* Exercise data:
▼▼▼

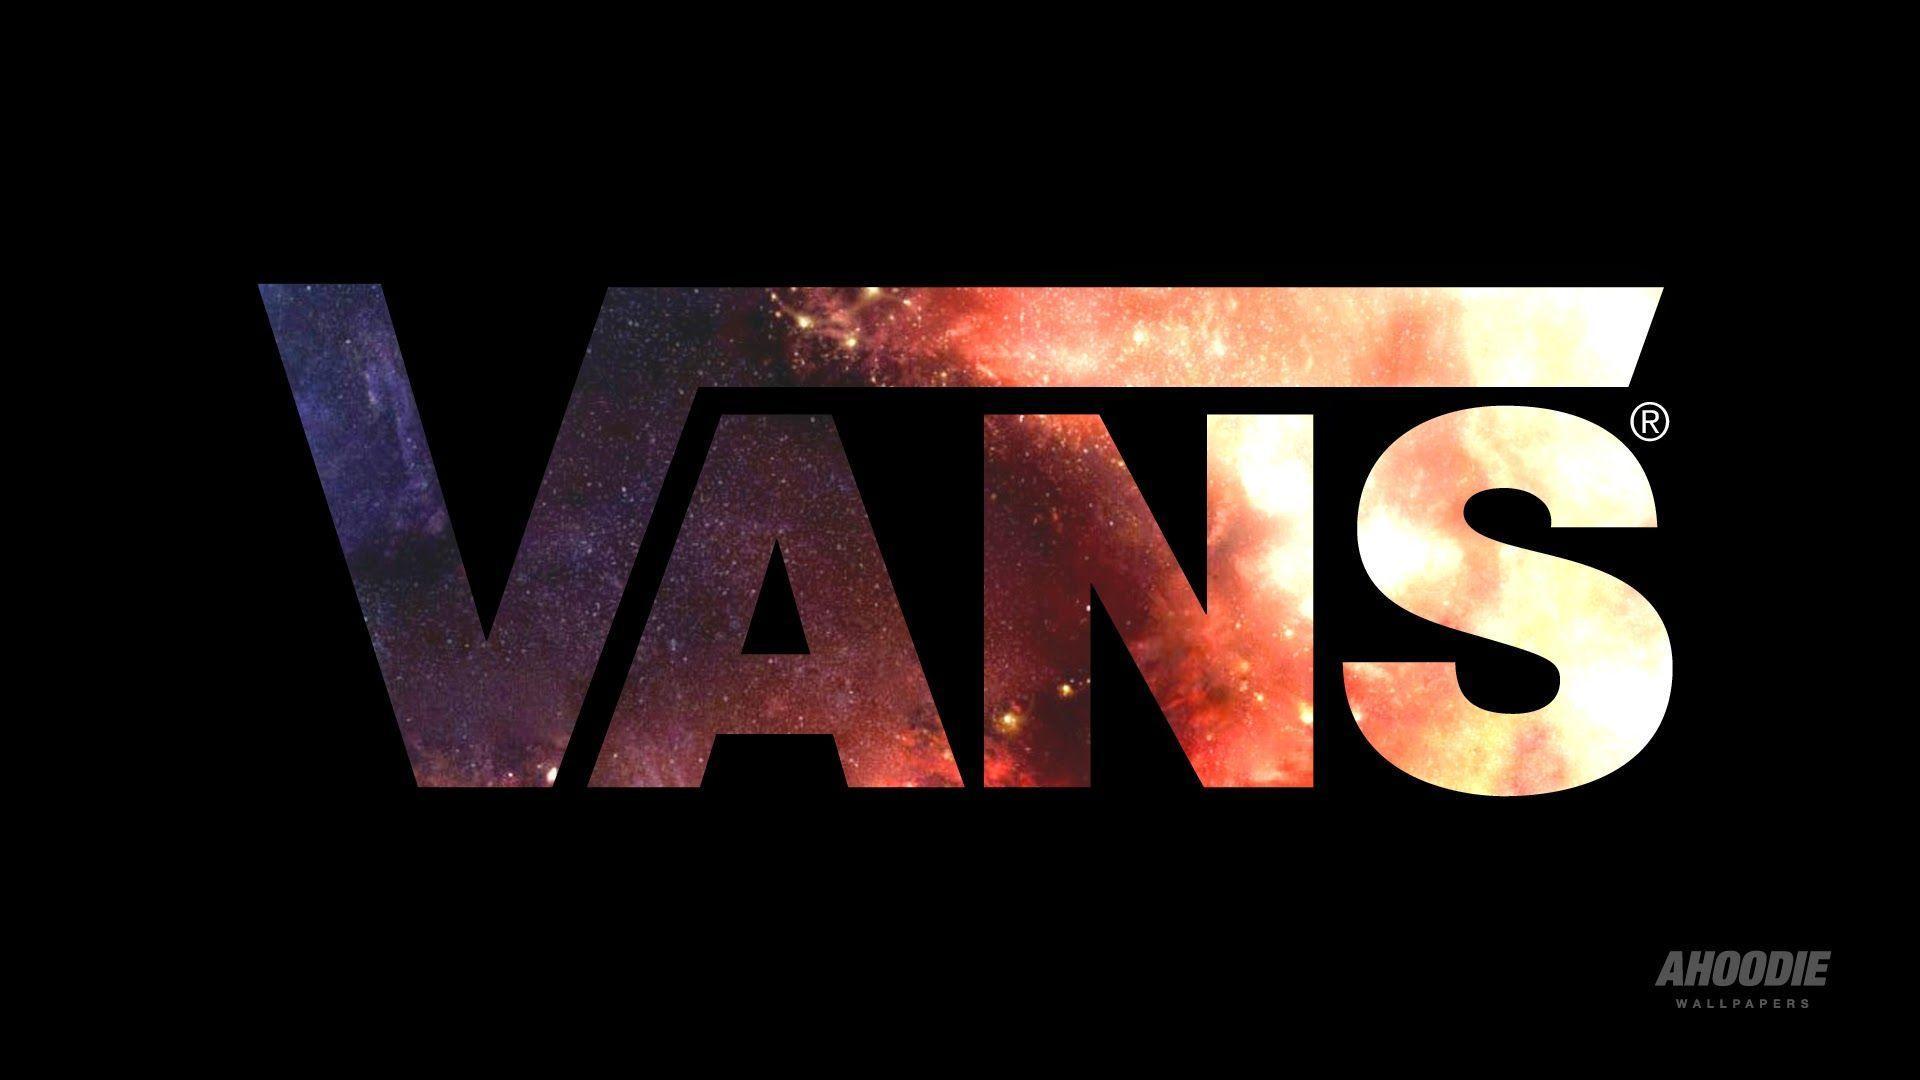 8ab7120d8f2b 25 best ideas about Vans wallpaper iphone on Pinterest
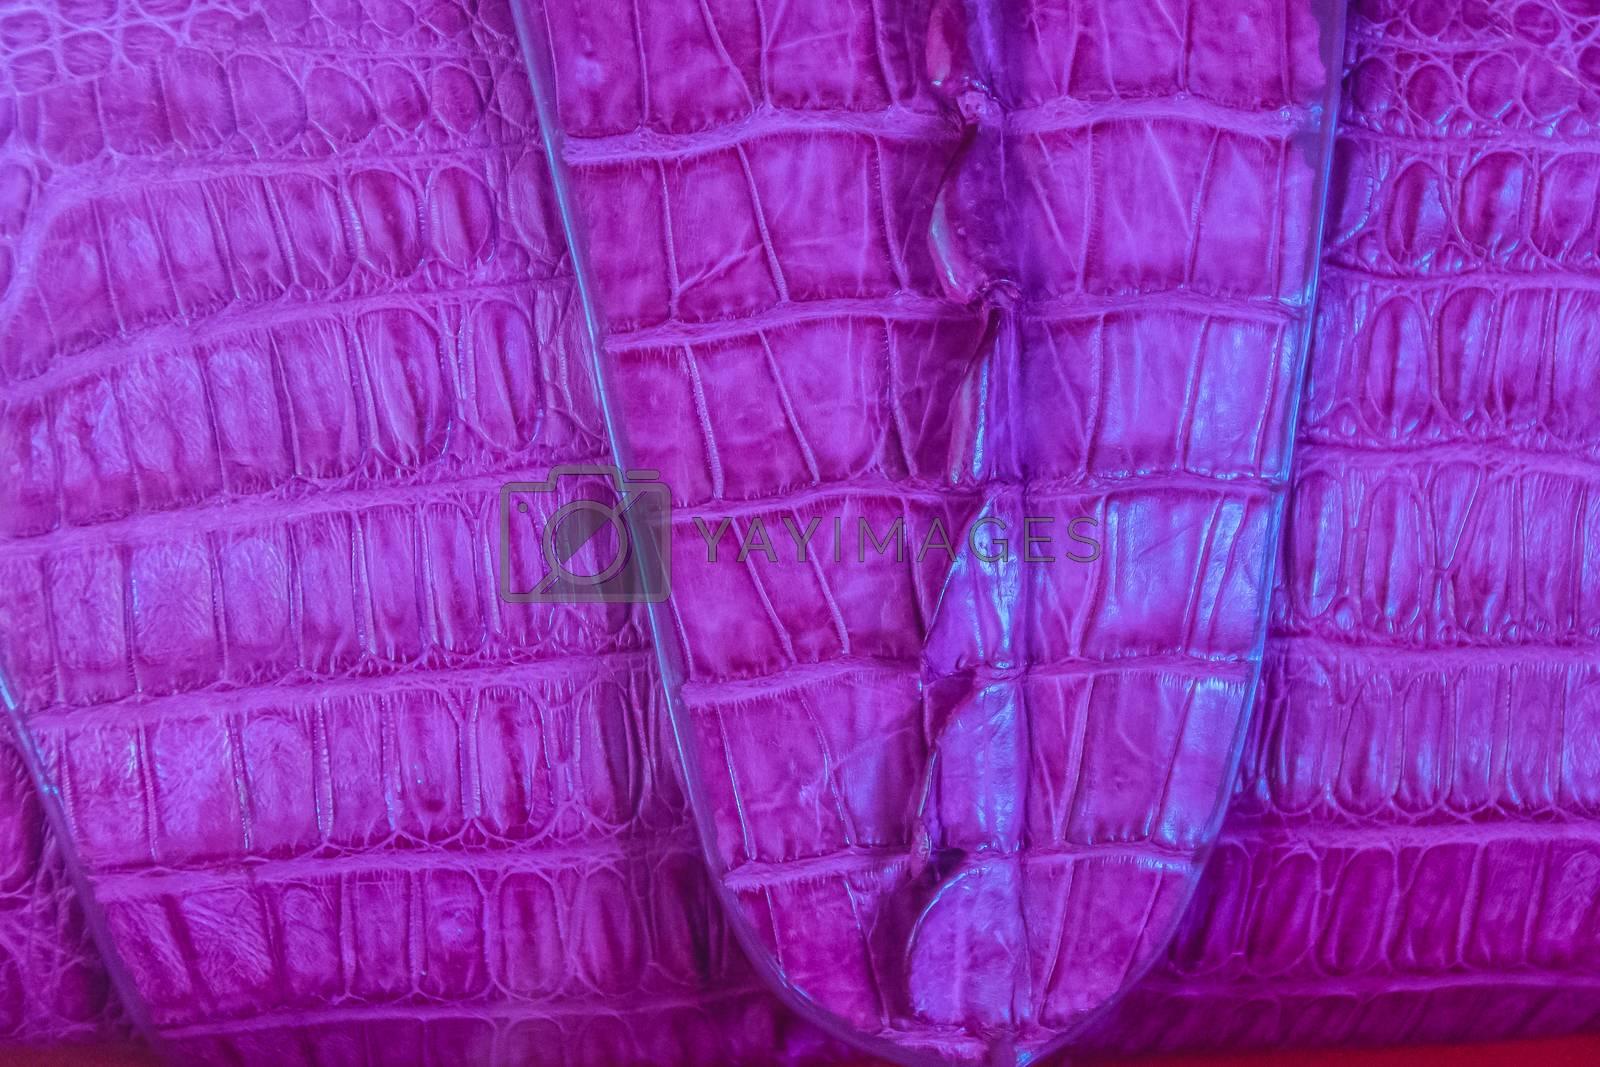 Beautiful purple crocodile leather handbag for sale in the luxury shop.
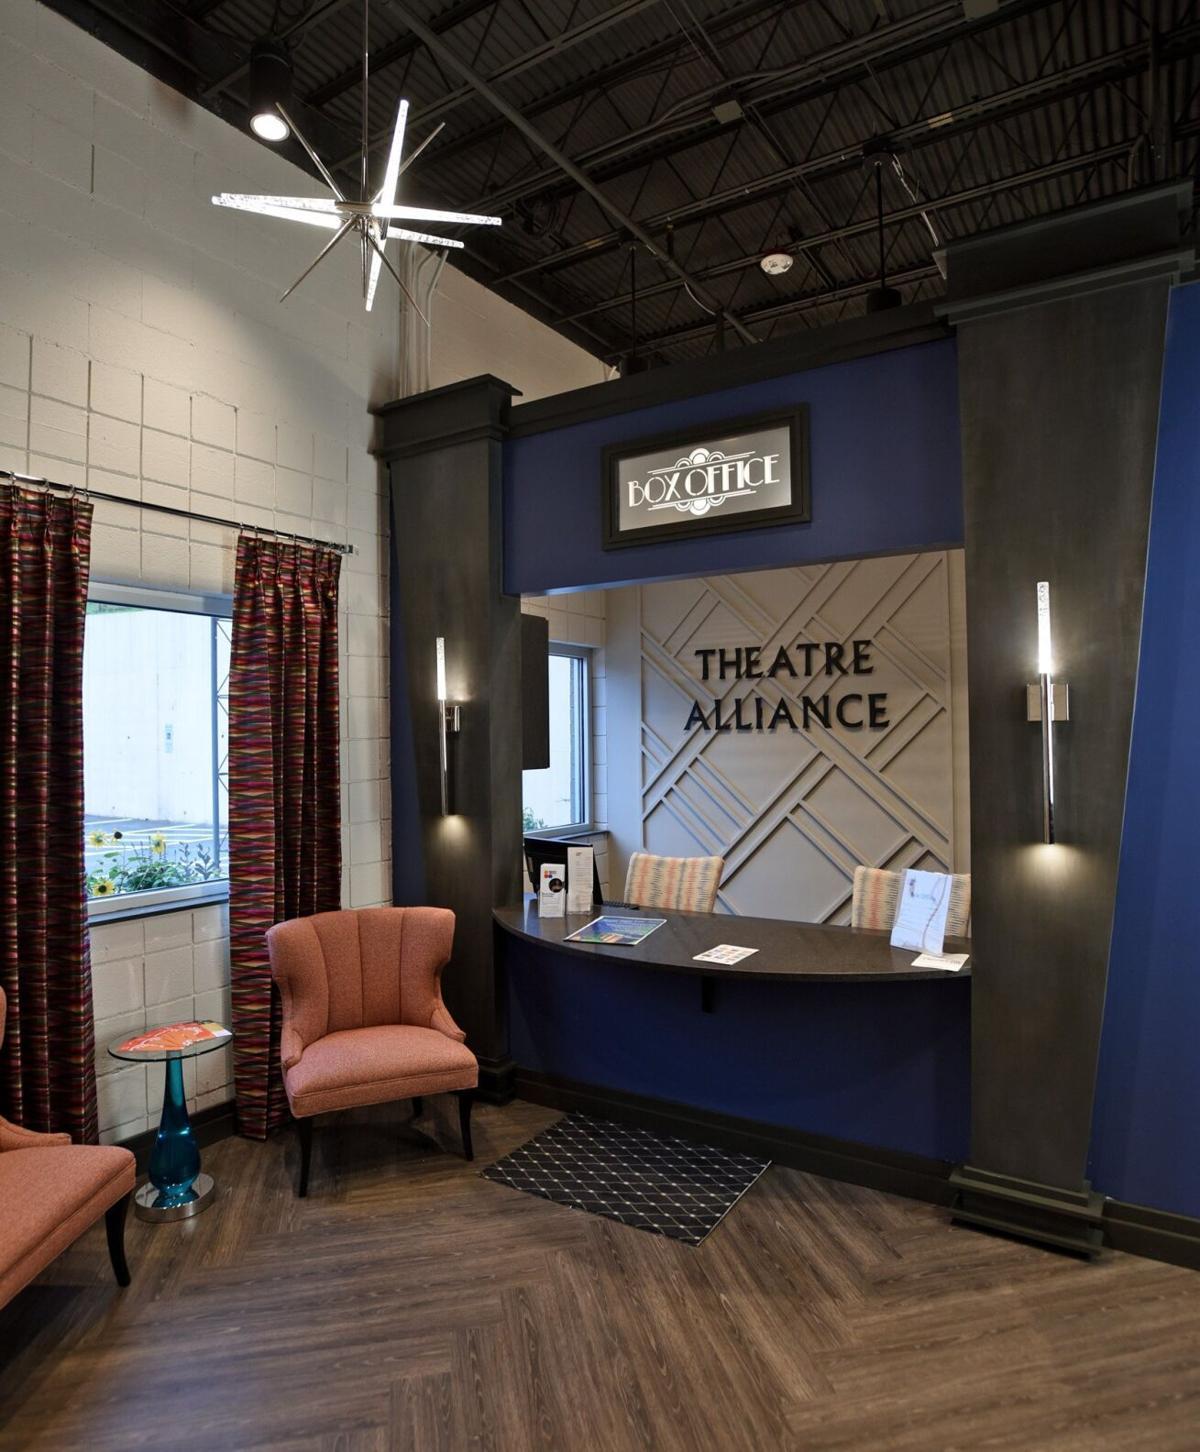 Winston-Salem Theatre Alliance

▲▲▲

* What to produce: Reproduce the lines above exactly, image-free.

* Response box:
 8ab7120d8f2b 25 best ideas about Vans wallpaper iphone on Pinterest
 Beautiful purple crocodile leather handbag for sale in the luxury shop.
 Winston-Salem Theatre Alliance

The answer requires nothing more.